### What is being asked
The reply should contain every line of the data, repeated exactly, and no pictures.

### Information provided
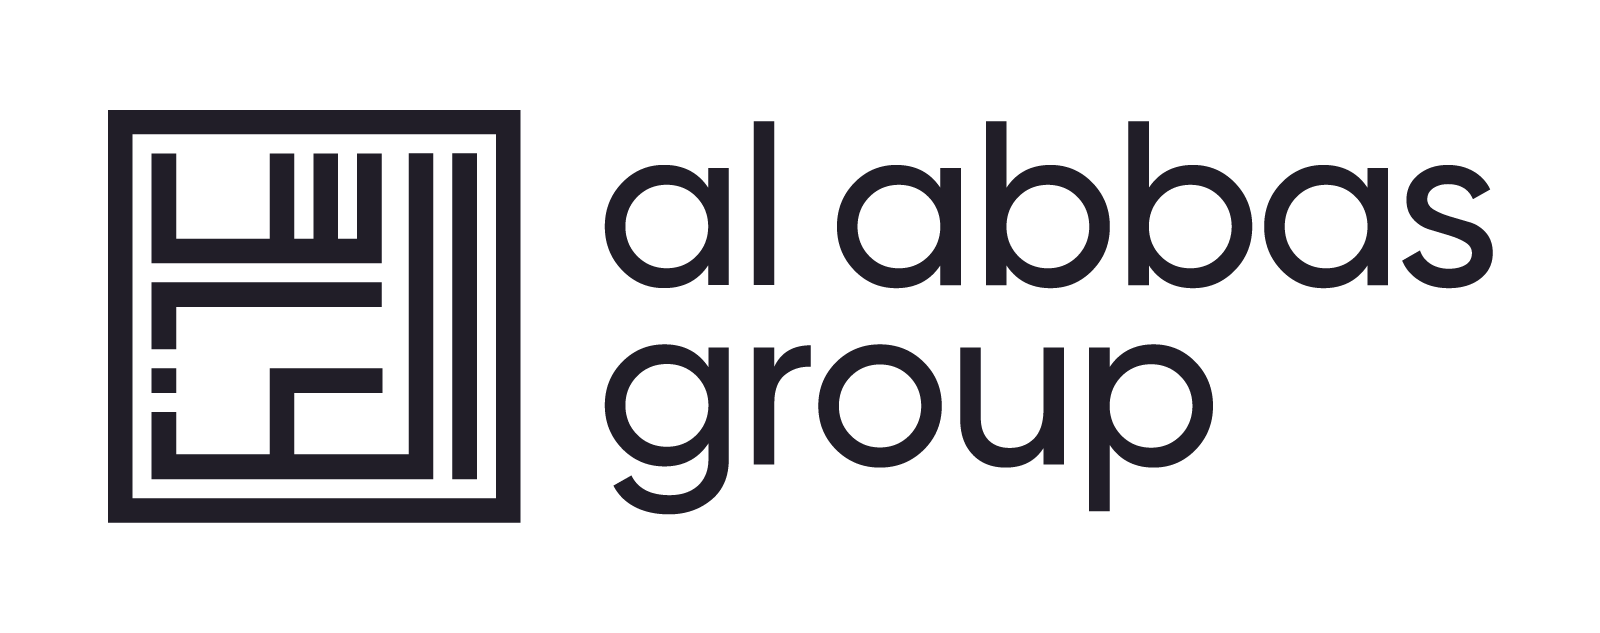 Al Abbas Group
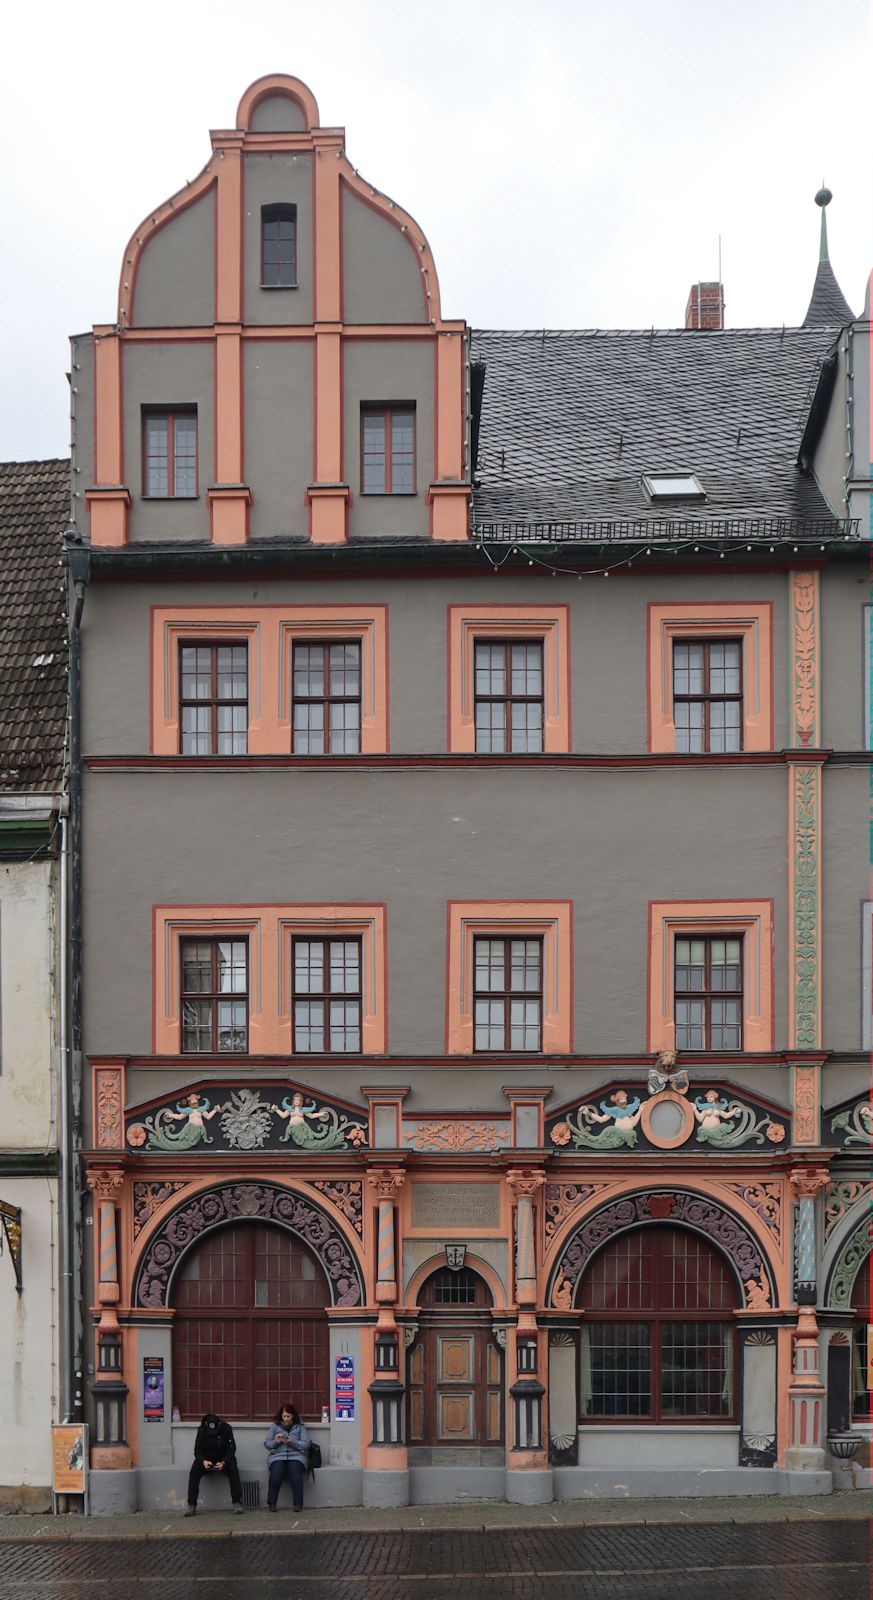 Cranachs Wohnhaus in Weimar
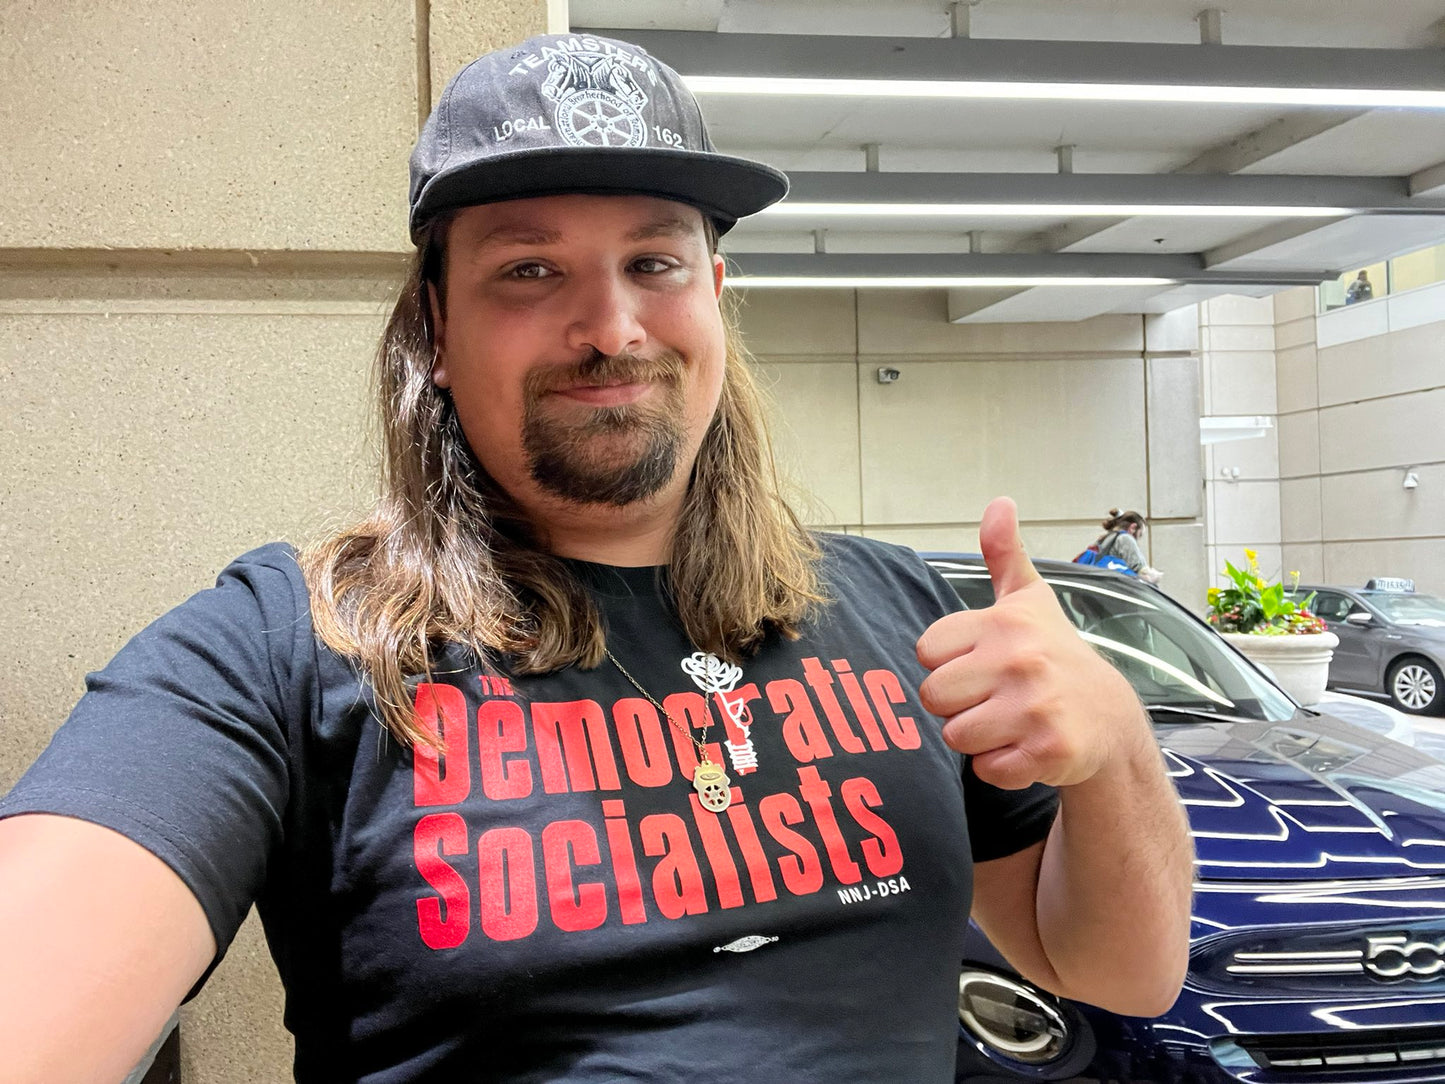 Sopranos Socialist
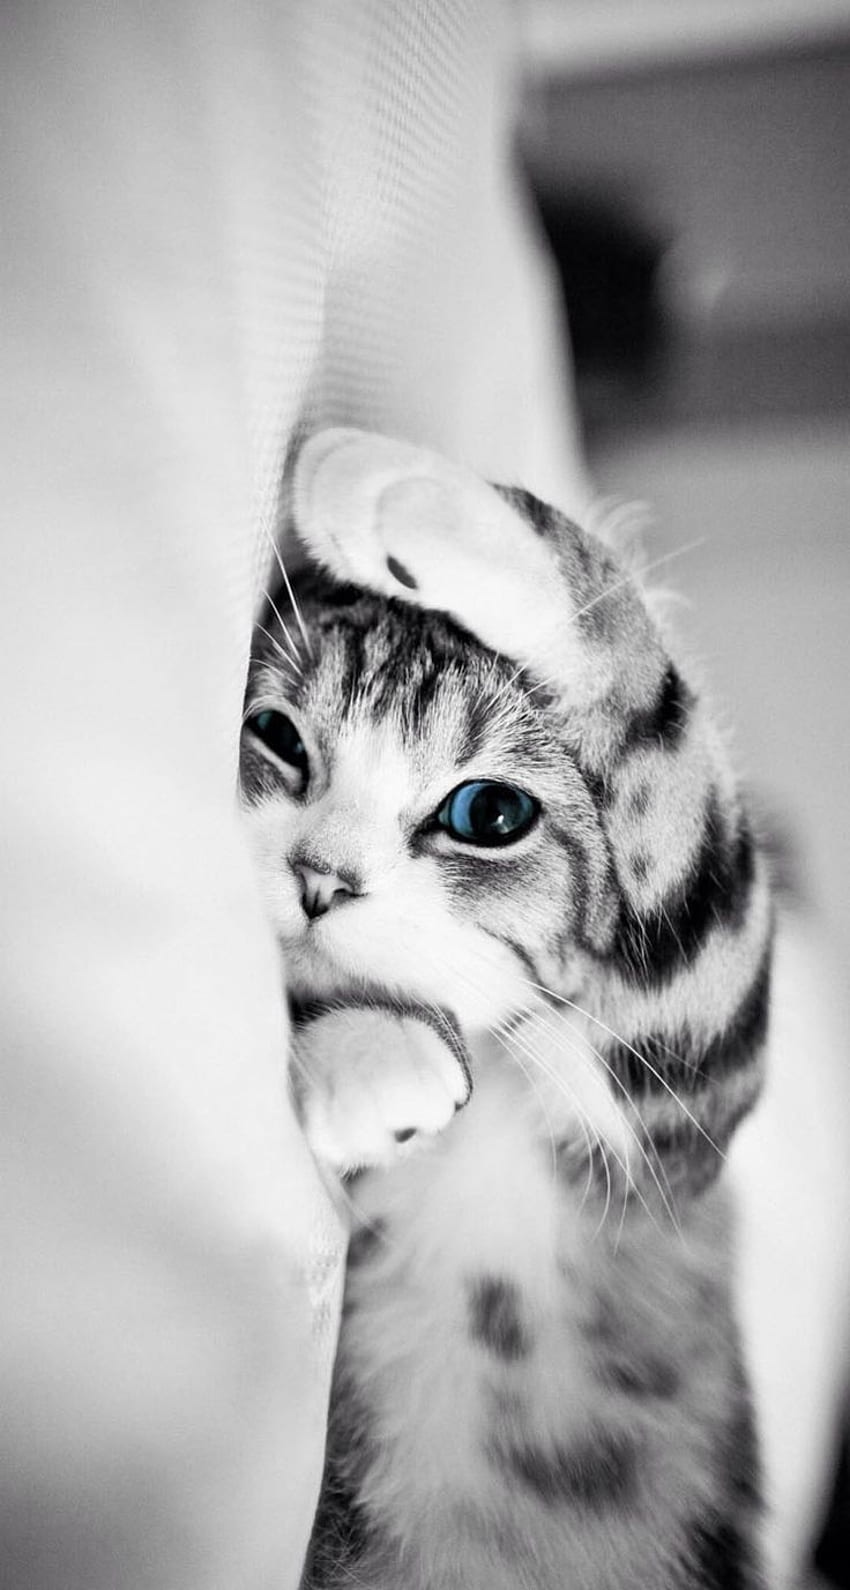 Cute Cat iPhone . Kucing cantik, Piaraan, Anak kucing lucu, Funny Cat HD phone wallpaper

### Answer for the task
 Al Abbas Group
 Cranachs Wohnhaus in Weimar
 Sopranos Socialist
 Cute Cat iPhone . Kucing cantik, Piaraan, Anak kucing lucu, Funny Cat HD phone wallpaper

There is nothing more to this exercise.